Домашний огонь | страница 16
2
Все утро она притворялась, будто не замечает его в другом углу подвального кафе, где он возился с кроссвордом. Но когда она заказала на ланч сэндвич и вернулась к своем столу, он подошел и сказал, что тоже надумал поесть и нельзя ли ему сесть рядом.
– Престон-роуд, – заговорил он, возвратившись спустя несколько минут с тарелкой пасты. – Мне это название показалось знакомым, когда ты упомянула, где родилась, но я не мог сообразить, пока не глянул на карту. Это же Уэмбли. Семья моего отца живет в тех же местах. Я приезжал туда каждый год на Ид-аль-Фитр[1].
– В самом деле? – переспросила она, предпочитая не признаваться в том, что ей точно известно, где именно жила семья его отца, как и в том, что она знала (а он, видимо, нет) о переезде его родственников в Канаду.
– Была такая песенка, ее пели кузины моей маленькой сестренке, если старших не было поблизости. У меня в голове так одна строчка и застряла. С ума сводит, что не могу вспомнить все остальное, а сестренка и вовсе ее забыла. Может, ты знаешь?
И он вдруг напел пакистанскую поп-мелодию, сочиненную еще до его рождения – он ведь на четыре года моложе Исмы, это она уже выяснила. Она узнала напев, не слова, у него вышла абракадабра, приправленная урду. Он пропел две строчки, тихо, лицо залилось краской – вот уж не ожидала от него такой застенчивости, ведь голос у него вполне приятный. Исма отыскала песню у себя на телефоне, протянула Эймону. Тот нацепил наушники, дорогущие, хотя сам он едва ли задумывался об их цене. Парвиз мечтал о таких. Юноша слушал, прикрыв глаза, на лице – скорее узнавание, чем радость.
– Спасибо, – произнес он, когда песня закончилась. – О чем тут говорится?
– Славятся девушки со светлой кожей, которым нечего в жизни бояться, ведь каждый влюбится в их светлую кожу и голубые глаза.
– О да! – рассмеялся он. – Когда-то я знал.

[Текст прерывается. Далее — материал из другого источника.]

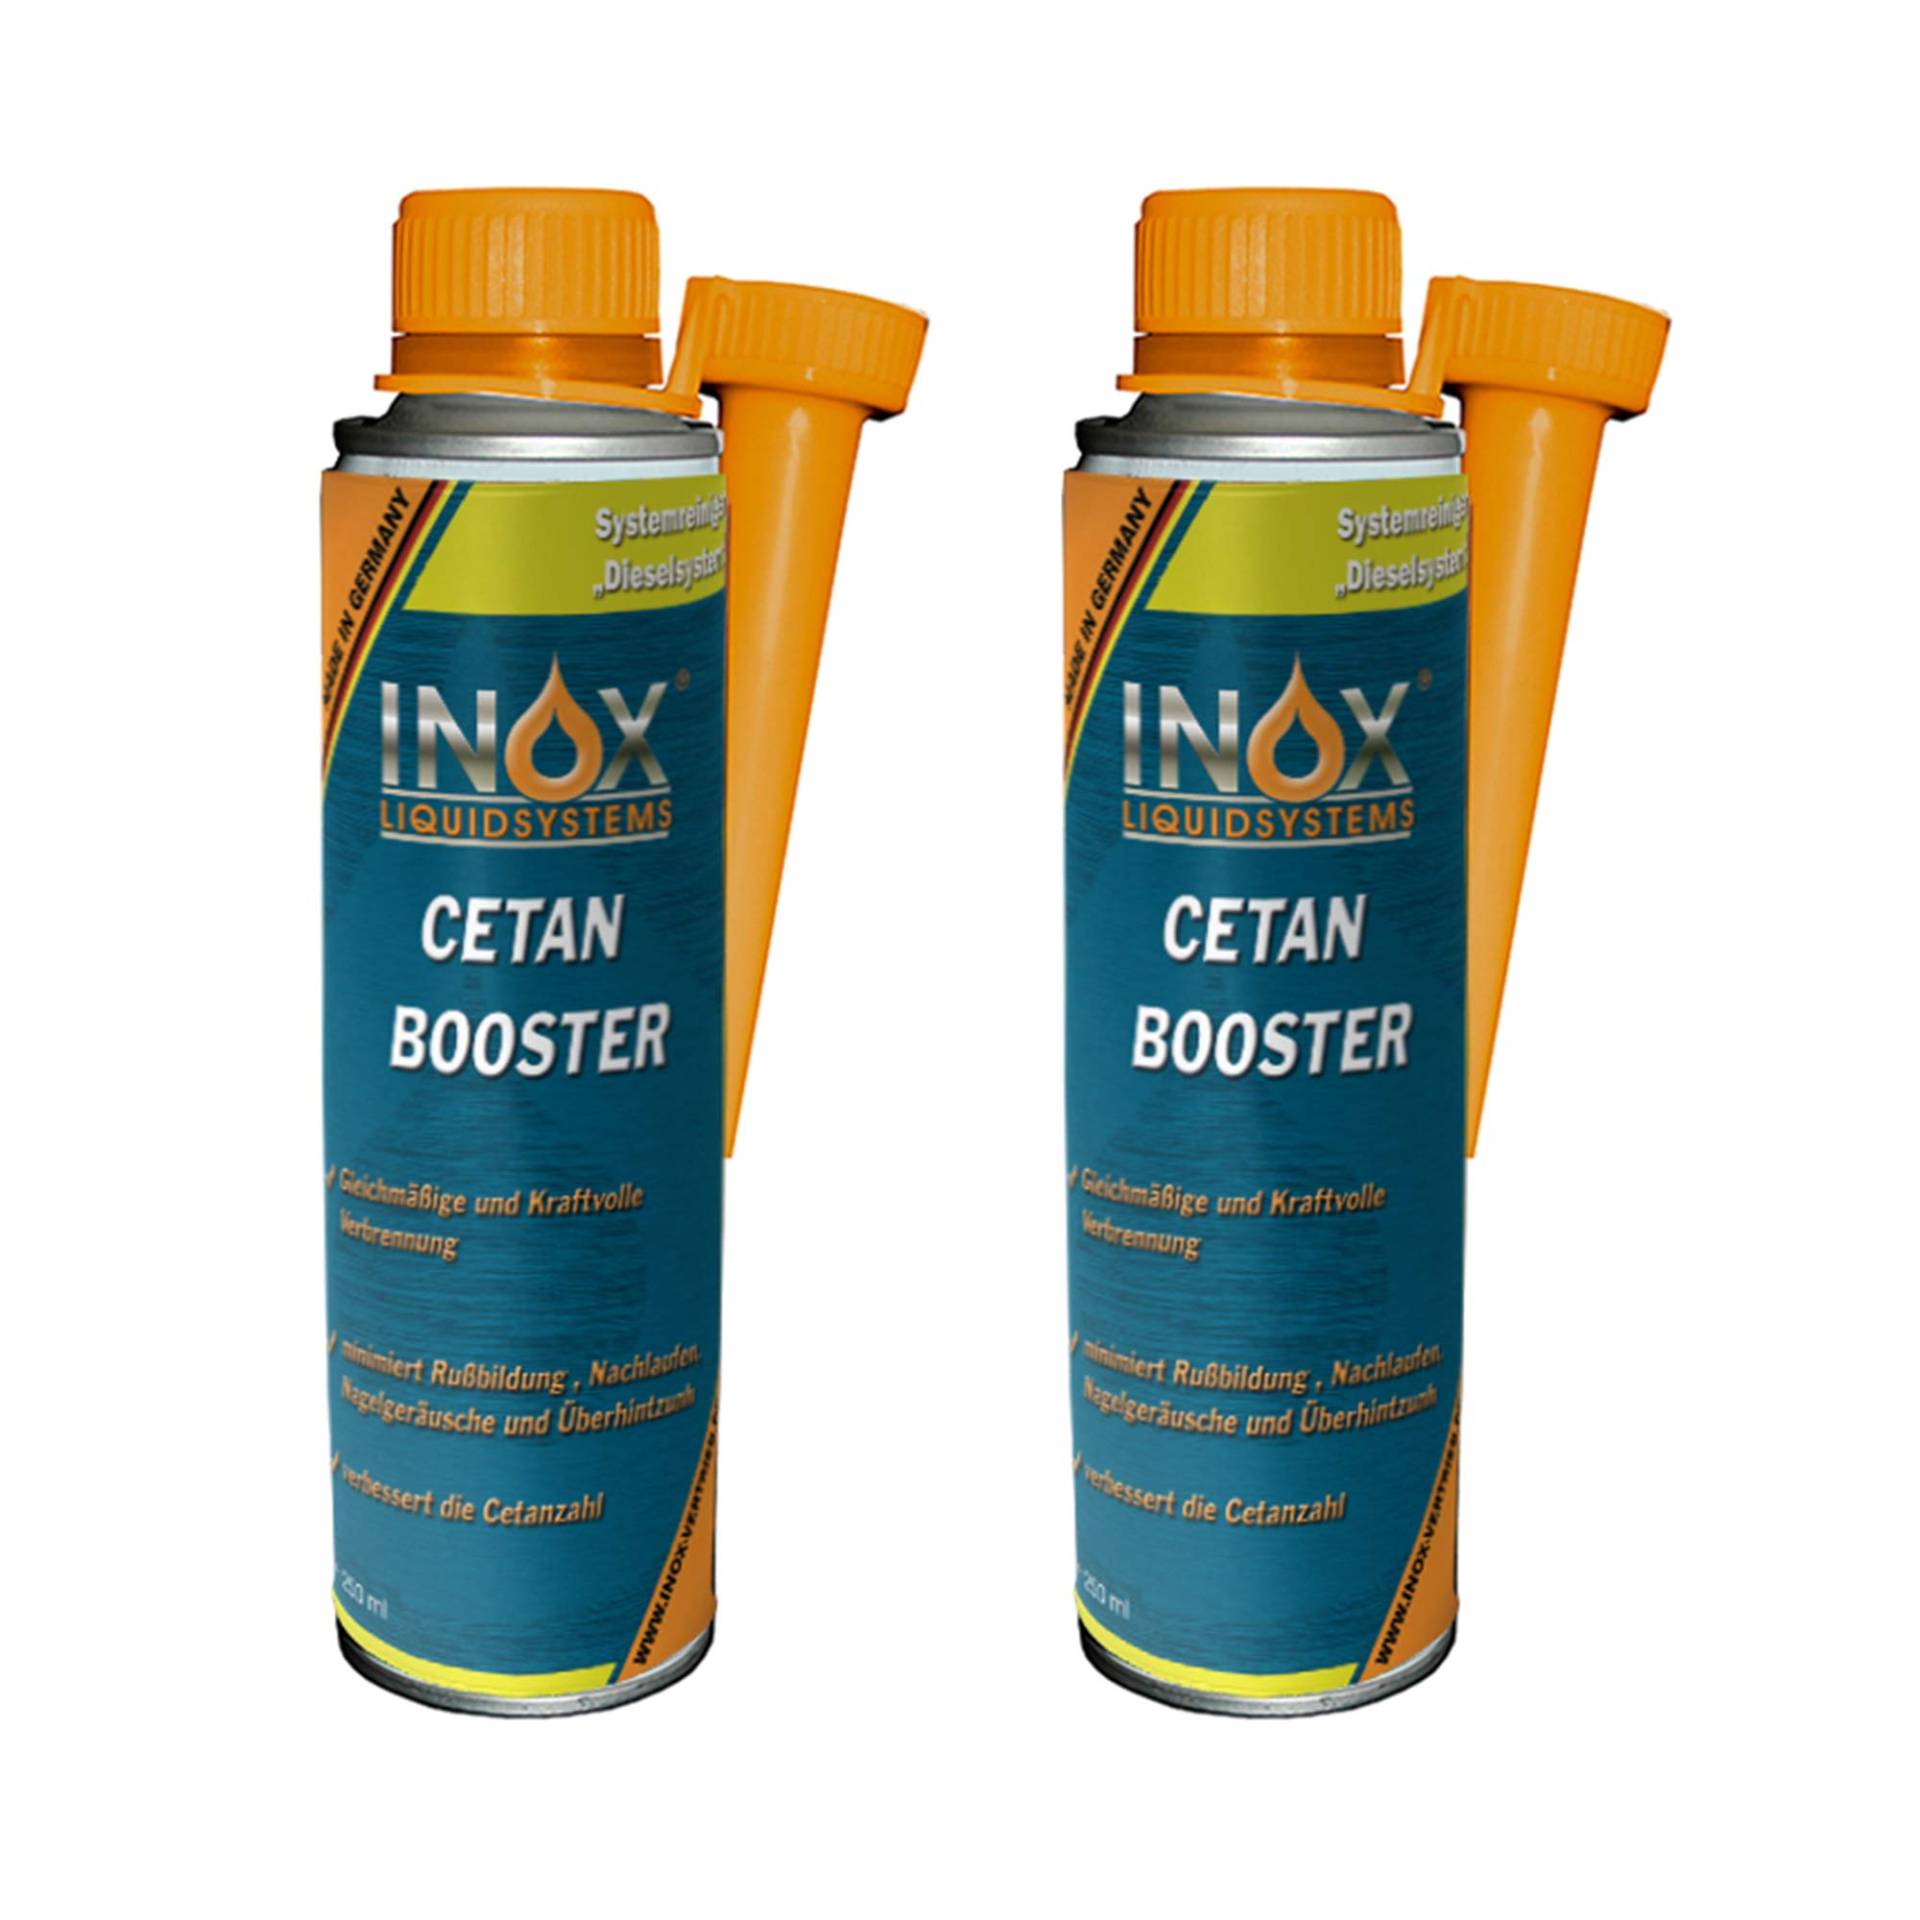 INOX® Cetan Booster Additiv für Dieselmotoren, 2 x 250 ml - Cetanzahlverbesserer Zusatz Dieselmotor von INOX-LIQUIDSYSTEMS
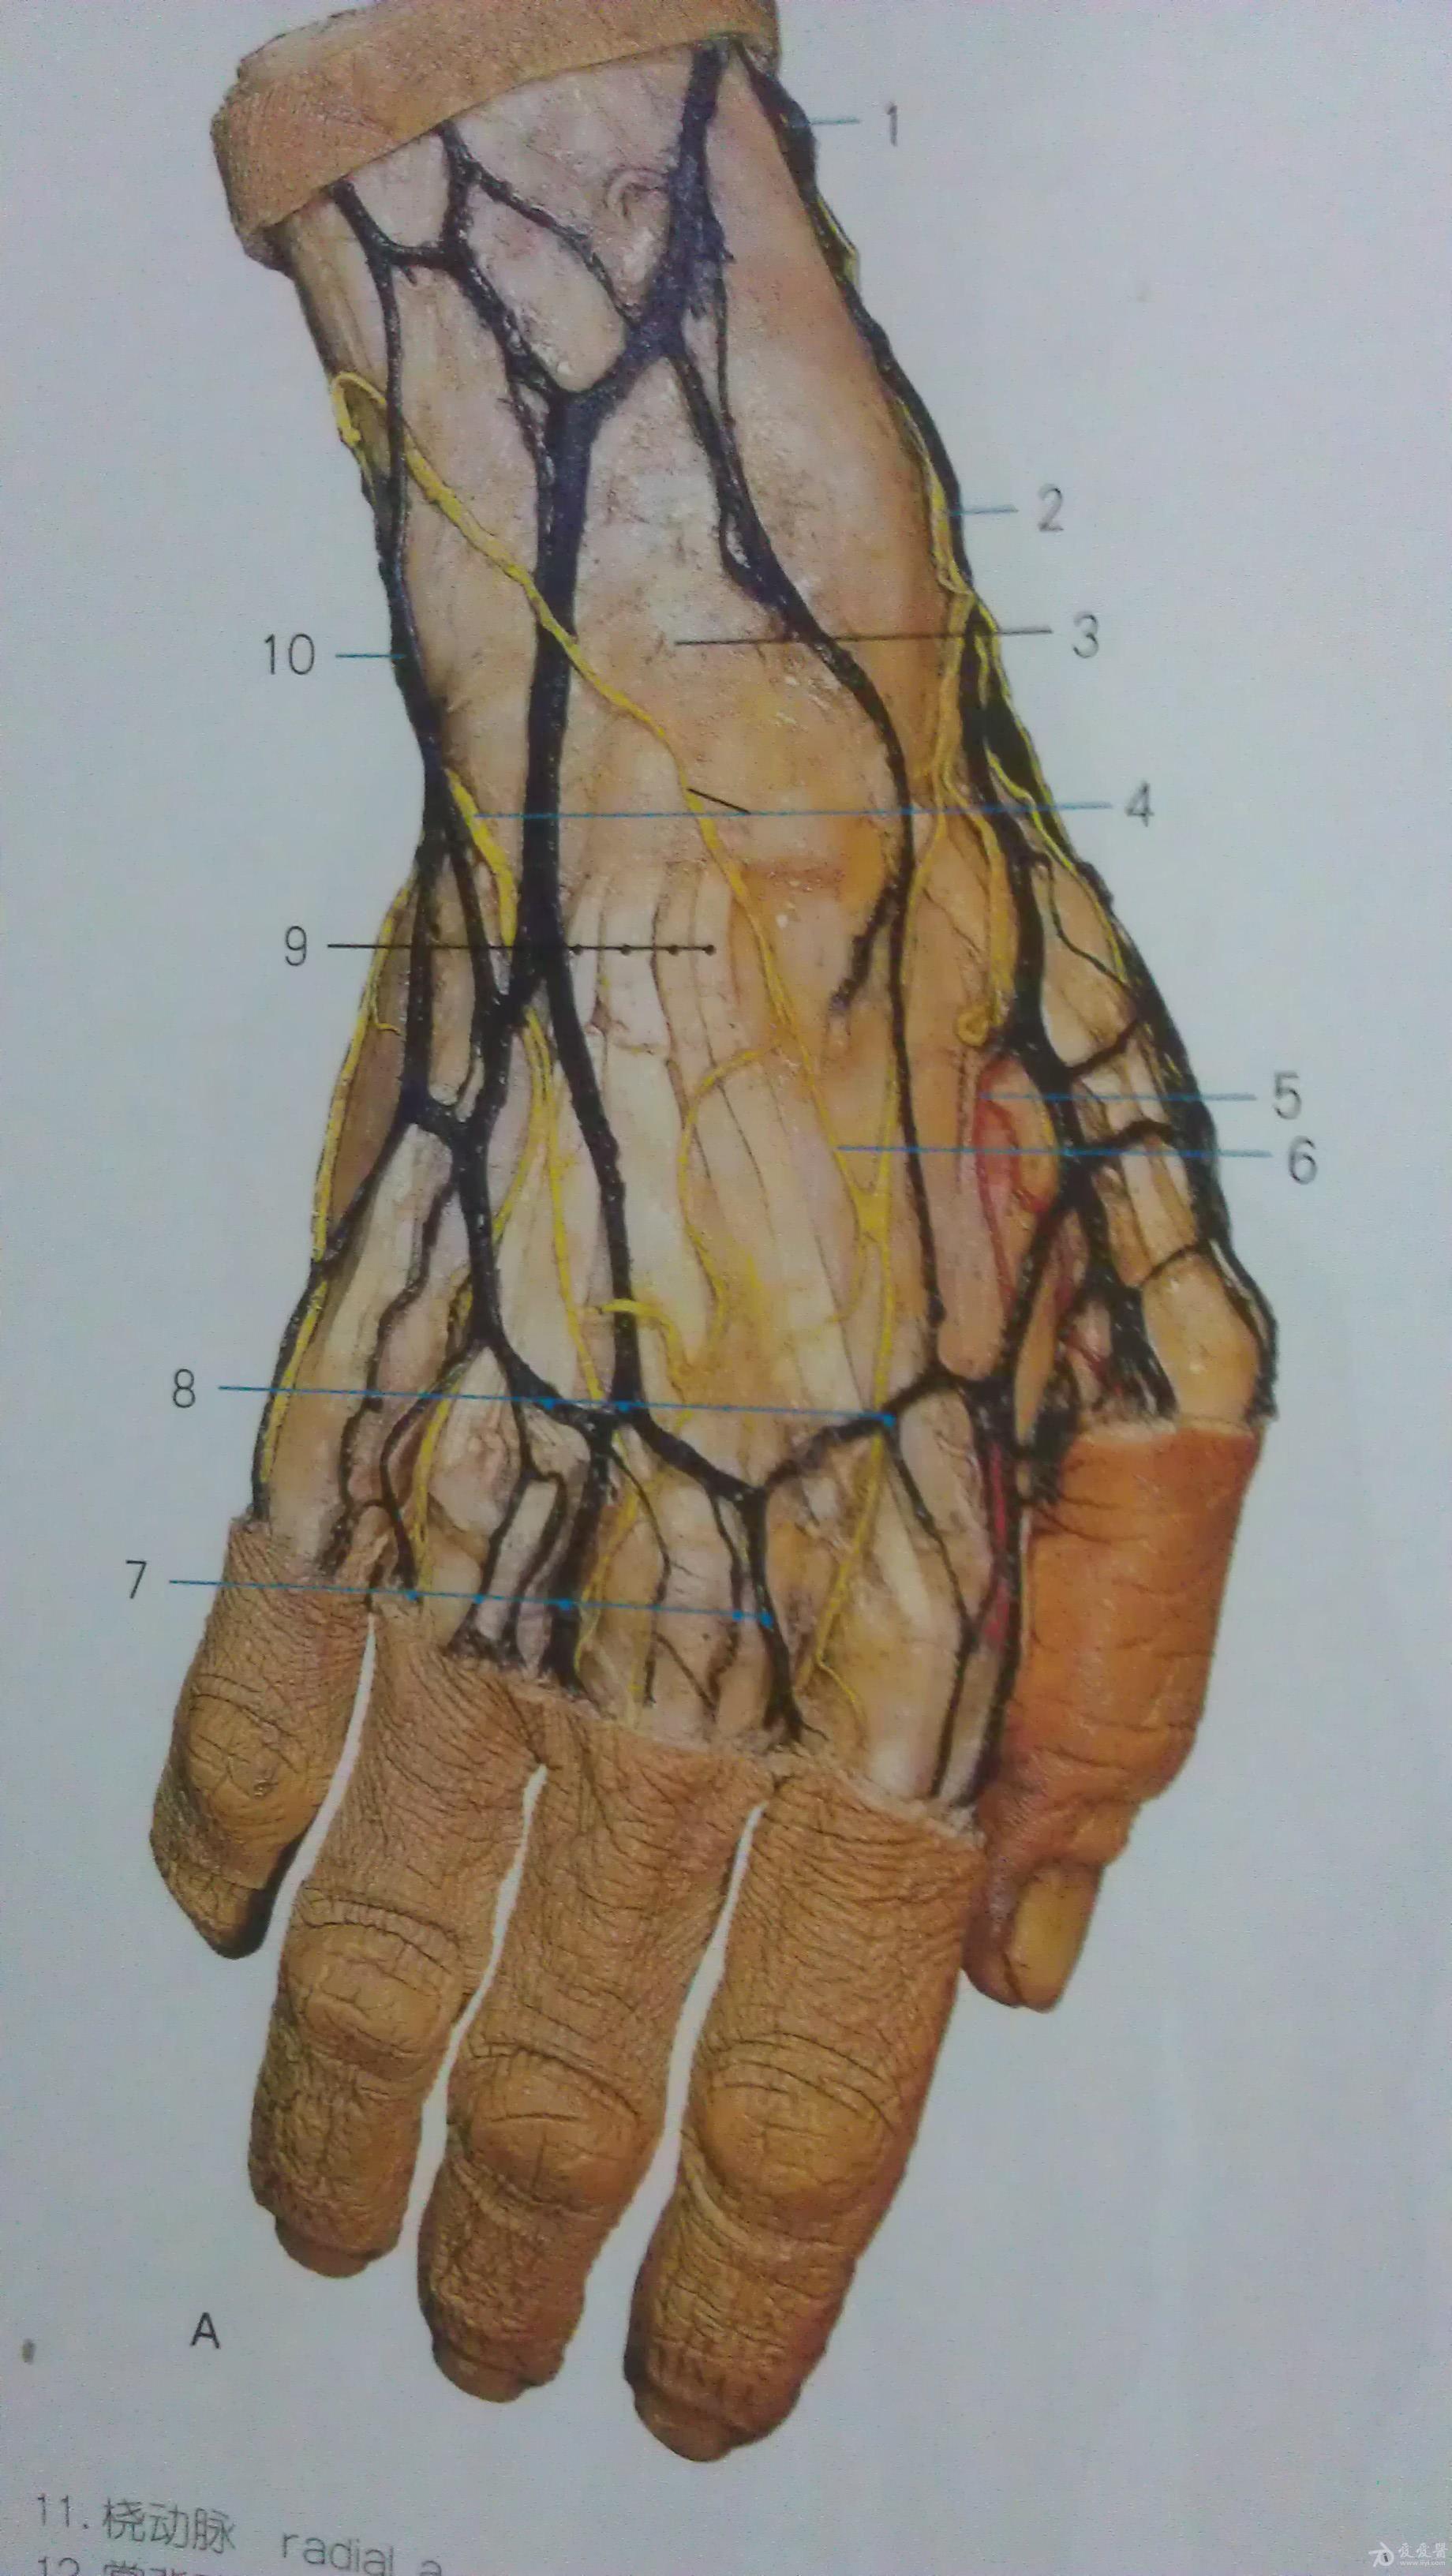 手背静脉血管分布图图片

Этой песней дразнили мою сестру, но она предпочитала воспринимать ее словно комплимент – и так оно и вышло. Видишь, какая у меня сестра.
– А ты? Тебе песня понравилась?
Он слегка нахмурился, вонзил зубцы своей вилки в короткие трубки макарон.
– Нет, похоже, не понравилась, – сказал он растерянно, как человек, не привыкший отвечать на вопросы о своих склонностях.
Он поднес вилку ко рту и с негромким чмоканием засосал макароны.
– Ох, извини. Обычно я веду себя пристойнее за столом.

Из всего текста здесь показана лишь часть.